Joseph Priestley (1733-1804)

Objections to the Experiments and Observations relating to the Principle of Acidity, the Composition of Water, and Phlogiston, considered, with further Experiments and Observations on the same Subject

Philosophical Transactions 79, 7- (1789)

Having never failed, says Dr. P., when the experiments were conducted with due attention, to procure some acid whenever I decomposed dephlogisticated and inflammable air in close vessels, I concluded that an acid was the necessary result of the union of those 2 kinds of air, and not water only; which is an hypothesis that has been maintained by Mr.

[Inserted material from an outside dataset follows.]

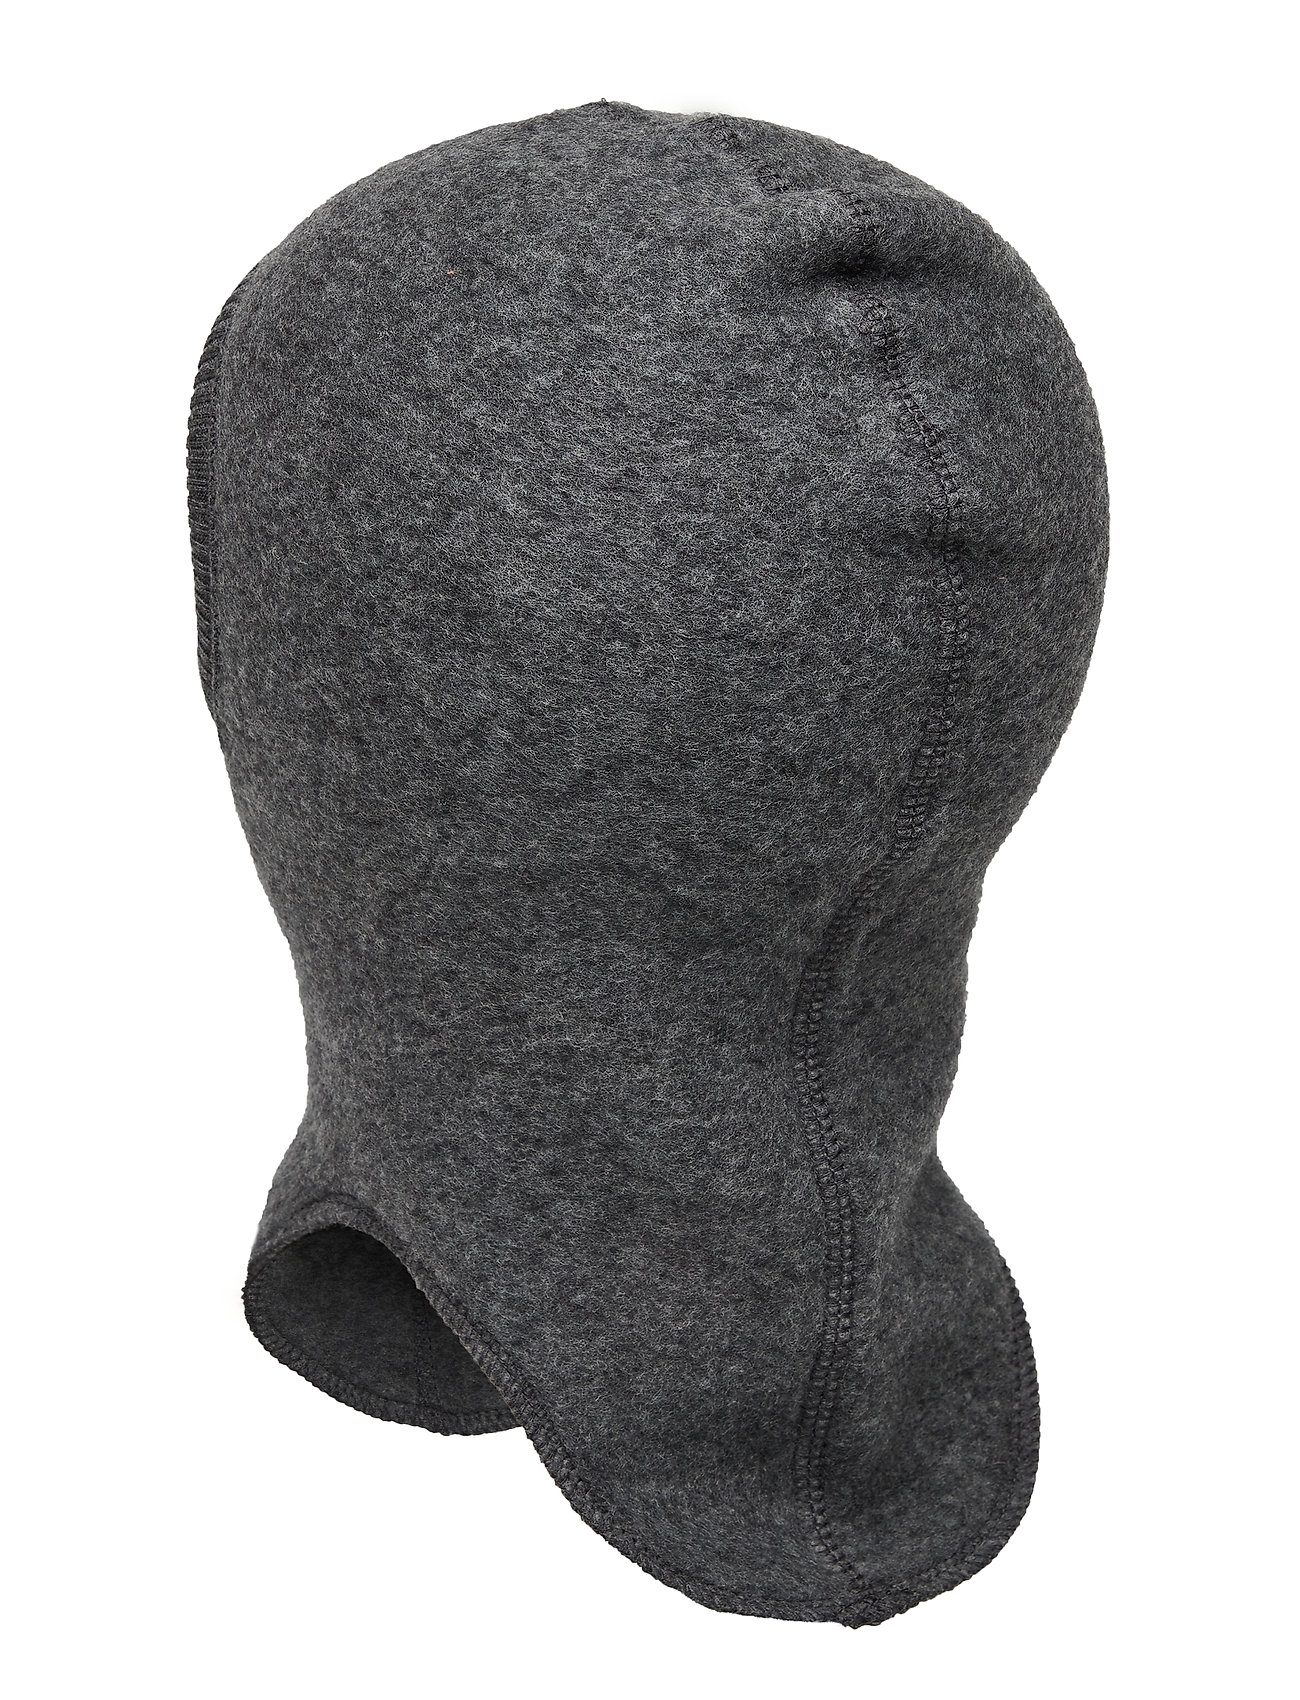 Wool Fullface Accessories Headwear Balaclava Grå Mikk-Line

Lavoisier and others, and which has been made the basis of an entirely new system of chemistry, to which a new system of terms and characters has been adapted. The facts that I alleged were not disputed; but to my conclusion it was objected, that the acid I procured might come from the phlogisticated air, which in one of my processes could not be excluded; and that it was reasonable to conclude that this was the case, because Mr. Cavendish had procured the same acid, viz. the nitrous, by decomposing dephlogisticated and phlogisticated air with the electric spark. In other cases it has been said, that the fixed air I procured came from the plumbago in the iron from which my inflammable air had been extracted.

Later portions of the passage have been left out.